Content starts
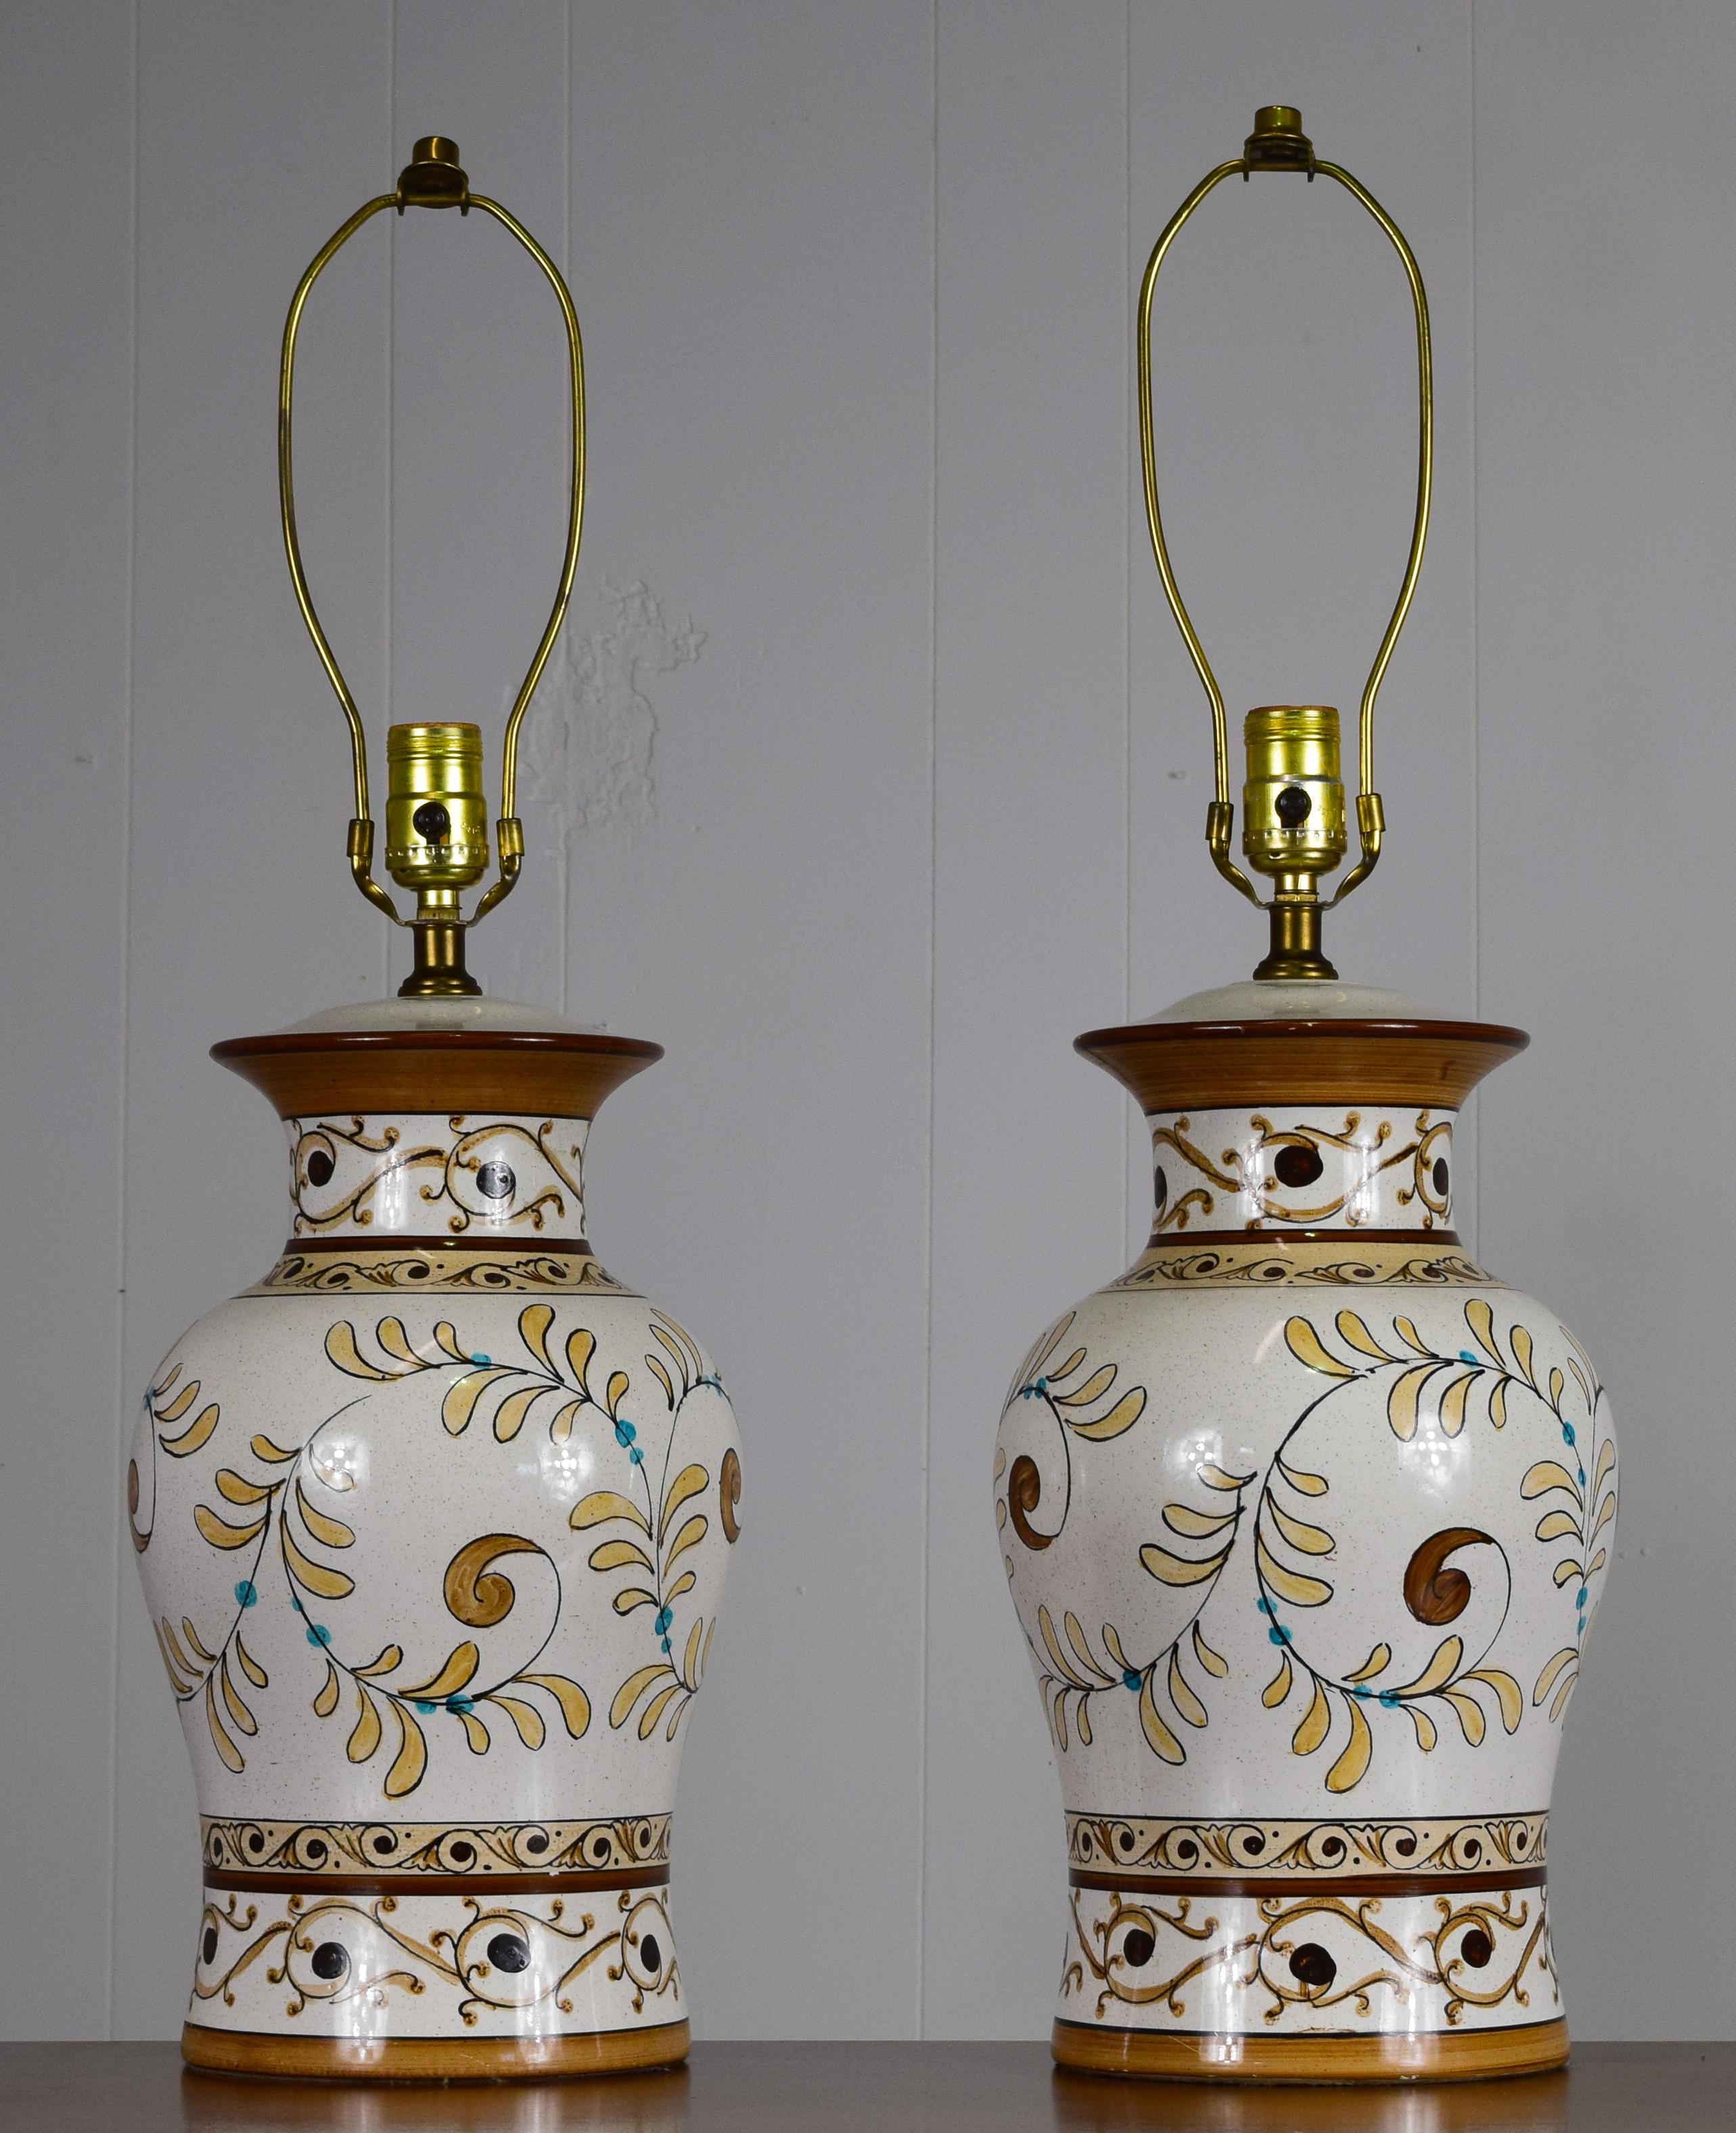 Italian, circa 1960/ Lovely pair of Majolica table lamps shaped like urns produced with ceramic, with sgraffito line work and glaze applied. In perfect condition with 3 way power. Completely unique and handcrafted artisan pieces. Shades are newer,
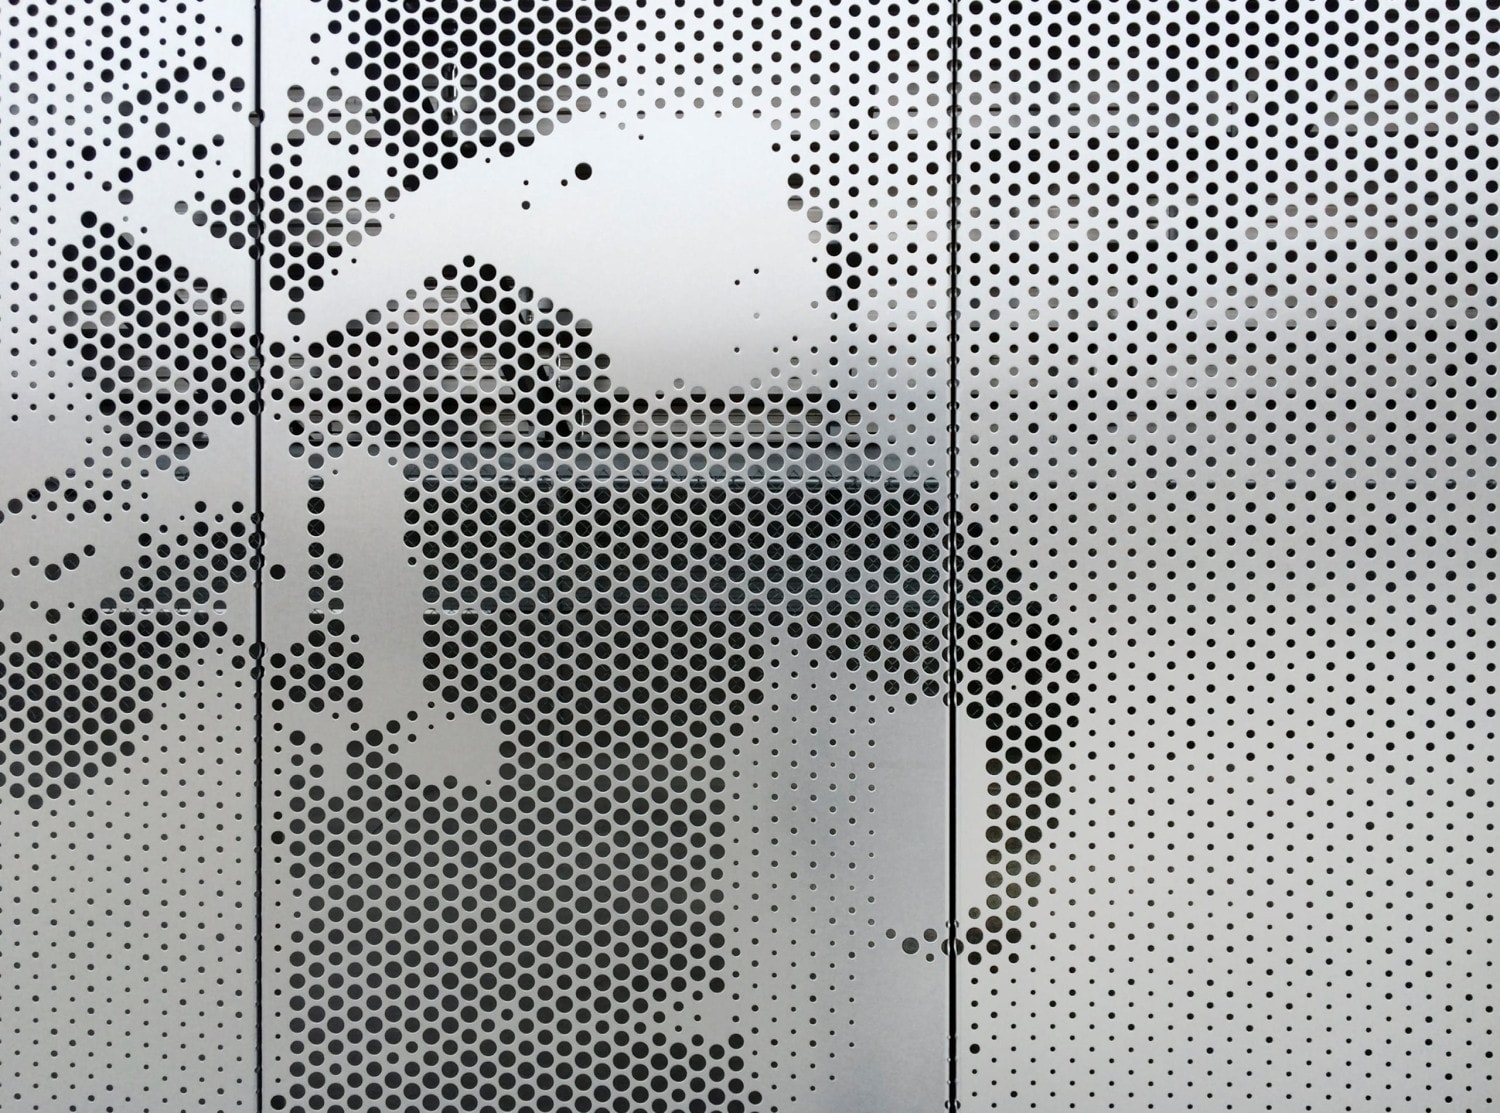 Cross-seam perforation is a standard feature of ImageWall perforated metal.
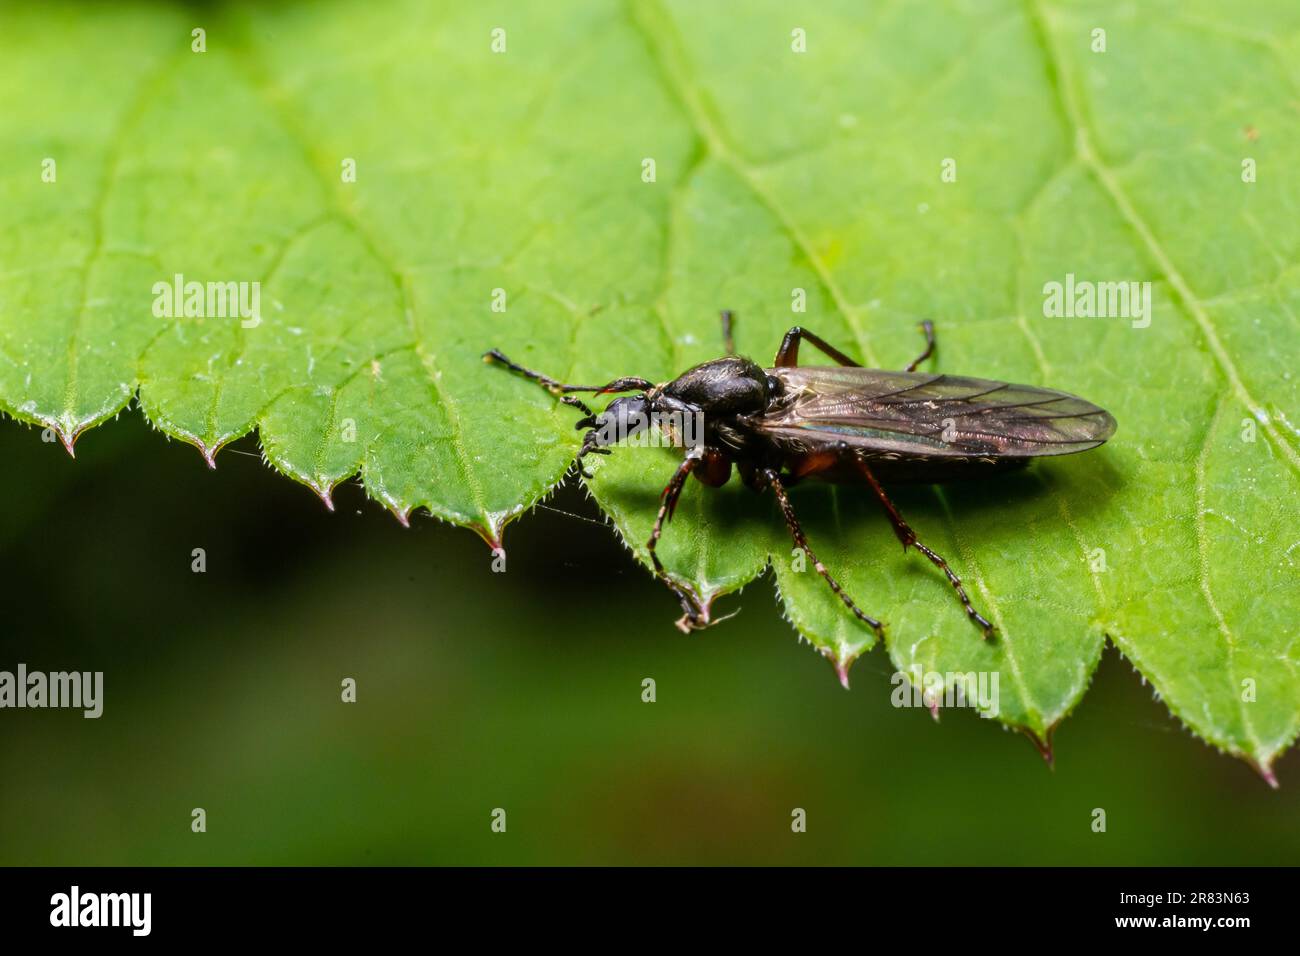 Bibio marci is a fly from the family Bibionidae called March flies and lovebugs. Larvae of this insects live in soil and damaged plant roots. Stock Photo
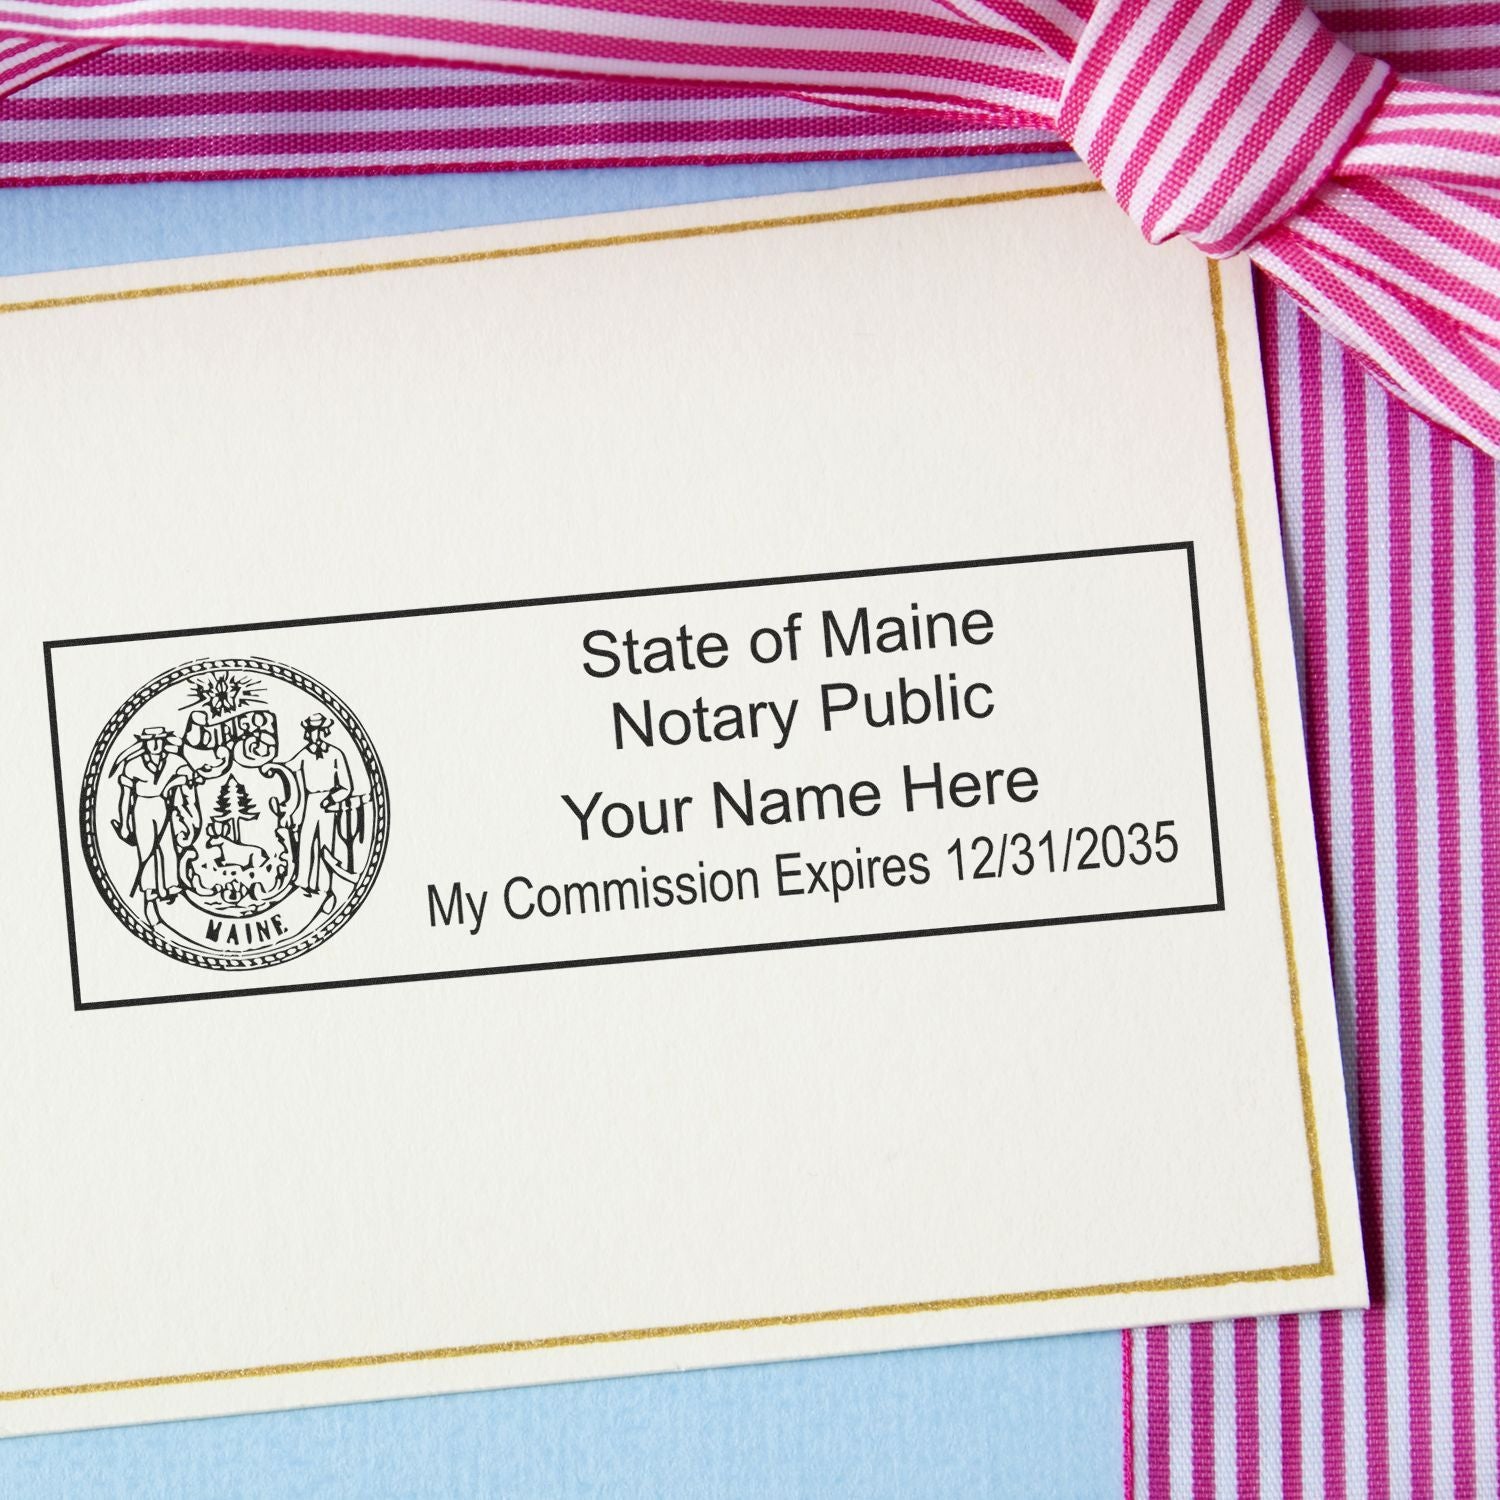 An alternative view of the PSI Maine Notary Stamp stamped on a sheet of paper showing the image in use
Content ends
What is required: Each line from the line containing "Bibio marci is" through the final line of the data above must be retyped exactly; nothing else, and no pictures, may appear.

Your response:
 Bibio marci is a fly from the family Bibionidae called March flies and lovebugs. Larvae of this insects live in soil and damaged plant roots. Stock Photo
 An alternative view of the PSI Maine Notary Stamp stamped on a sheet of paper showing the image in use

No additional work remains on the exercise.